The projecting lens 24 is an aspherical lens of a convex lens type for projecting light reflected by the reflecting face 26a of the first main reflector 26 to the front side of the vehicle, and is fixed to a vicinity of a front end portion on the front side of the vehicle of the base member 21. According to the first exemplary embodiment, a rear side focal point of the projecting lens 24 is constituted to substantially coincide with the second focal point F2 of the first main reflector 26.

Therefore, light reflected by the first main reflector 26 and incident on the projecting lens 24 is projected to the front side substantially as parallel light. That is, the sub units 20A, 20B, 20C of the first unit 20 of the first exemplary embodiment respectively constitute projector type light sources of a reflecting type for forming a condensed light cut.

Next, the second unit 40 will be explained.

The second unit 40 is a light source unit for forming a light distribution pattern of a low beam along with the first unit 20, and is arranged on a lower side of the sub unit 20A.

As shown by FIG. 2 and FIG. 3, the second unit 40 includes the second semiconductor light emitting element 42 constituting the second light source fixedly arranged at the support face 15b of the support member 15, and a second main reflector 46 for reflecting light from the second semiconductor light emitting element 42 to the front side.

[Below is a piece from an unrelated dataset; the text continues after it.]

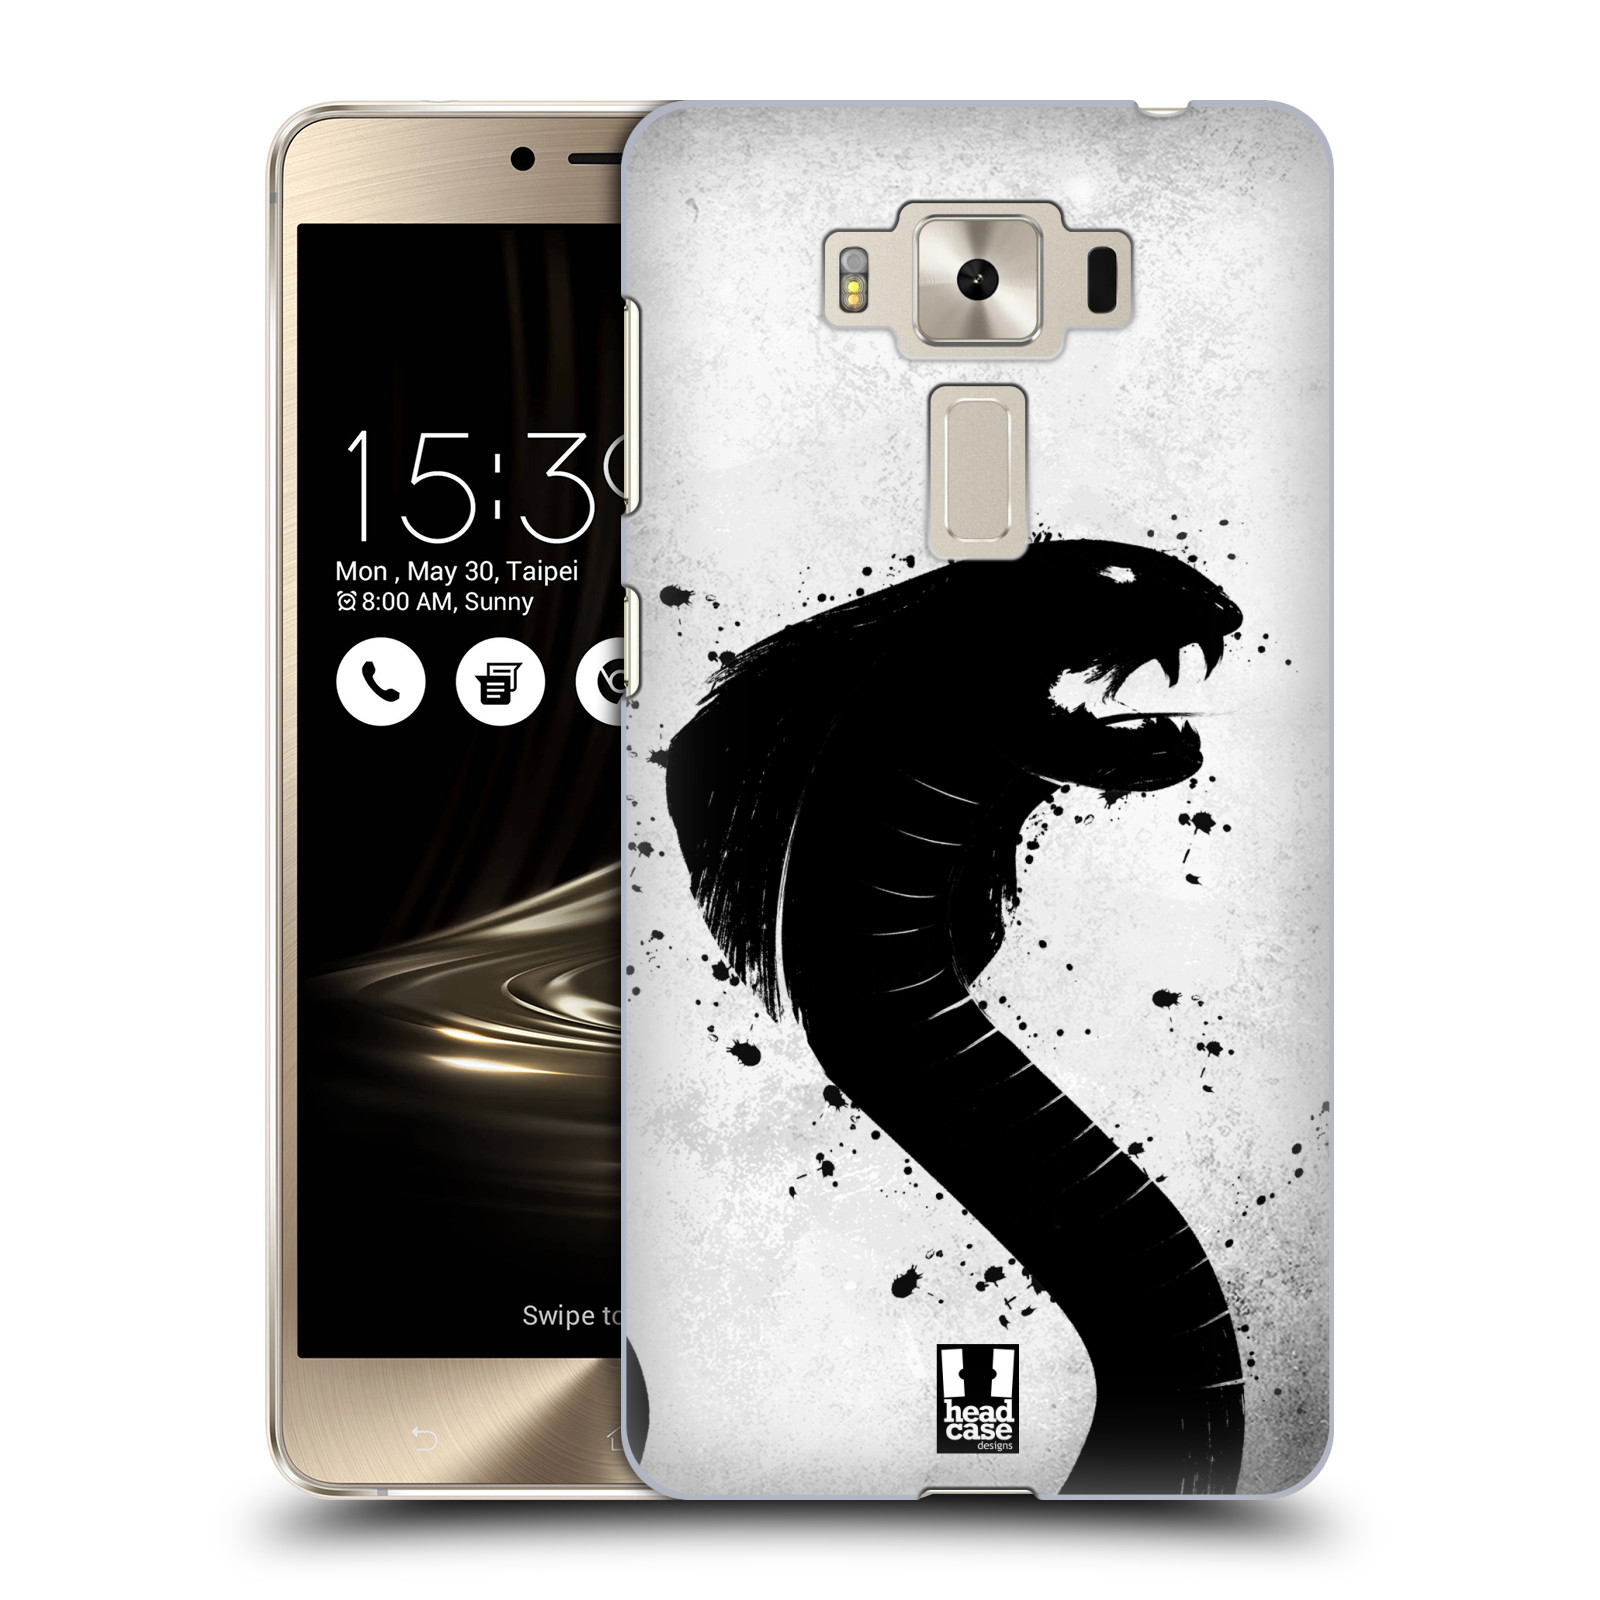 HEAD CASE plastový obal na mobil Asus Zenfone 3 DELUXE ZS550KL vzor Kresba tuš zvíře had kobra

The second semiconductor light emitting element 42 is a white diode having a light emitting portion 42a similar to the first light emitting portion 22, and is mounted on the support face 15b of the support member 15 in a state of directing an irradiating axis L2 substantially in a vertical lower direction substantially orthogonal to an irradiating direction (left direction of FIG. 3) of the second unit 40.

The second main reflector 46 is a reflecting member an inner side of which is formed with a reflecting face 46a constituting a reference face thereof by substantially a paraboloid of revolution constituting a focal point by a vicinity of the light emitting portion 42a. Light emitted from the light emitting portion 42a of the second semiconductor light emitting element 42 is reflected by the reflecting face 46a of the second main reflector 46 and is irradiated to the front side of the vehicle. That is, the second unit 40 of the first exemplary embodiment constitutes a light source unit of a reflecting type.

Next, the third unit 60 is a light source unit for forming a light distribution pattern of a high beam and includes a third semiconductor light emitting element (not illustrated) constituting a third light source fixedly arranged to the support member 15, and a projecting lens 64.

The projecting lens 64 is an aspherical lens of a convex lens type for projecting light emitted from a light emitting portion of the third semiconductor light emitting element to the front side of the vehicle and is constituted such that a rear side focal point of the projecting lens 64 substantially coincides with the light emitting portion of the third semiconductor light emitting element (refer to FIG. 1). Therefore, light emitted from the light emitting portion of the third semiconductor light emitting element is directly incident on the projecting lens 64, and the incident light is projected to the front side along an optical axis as substantially parallel light. That is, the third unit 60 of the first exemplary embodiment constitutes a projector type light source unit of a straight projecting type.

Further, according to the first exemplary embodiment, as shown by FIG. 2 and FIG. 3, the attaching face 22b of the first semiconductor light emitting element 22 and the attaching face 42b of the second semiconductor light emitting element 42 are arranged to be opposed to each other, and an additional optical unit 50 is provided between the first unit 20 and the second unit 40 the light emitting regions of which are arranged to be separated from each other in an up and down direction.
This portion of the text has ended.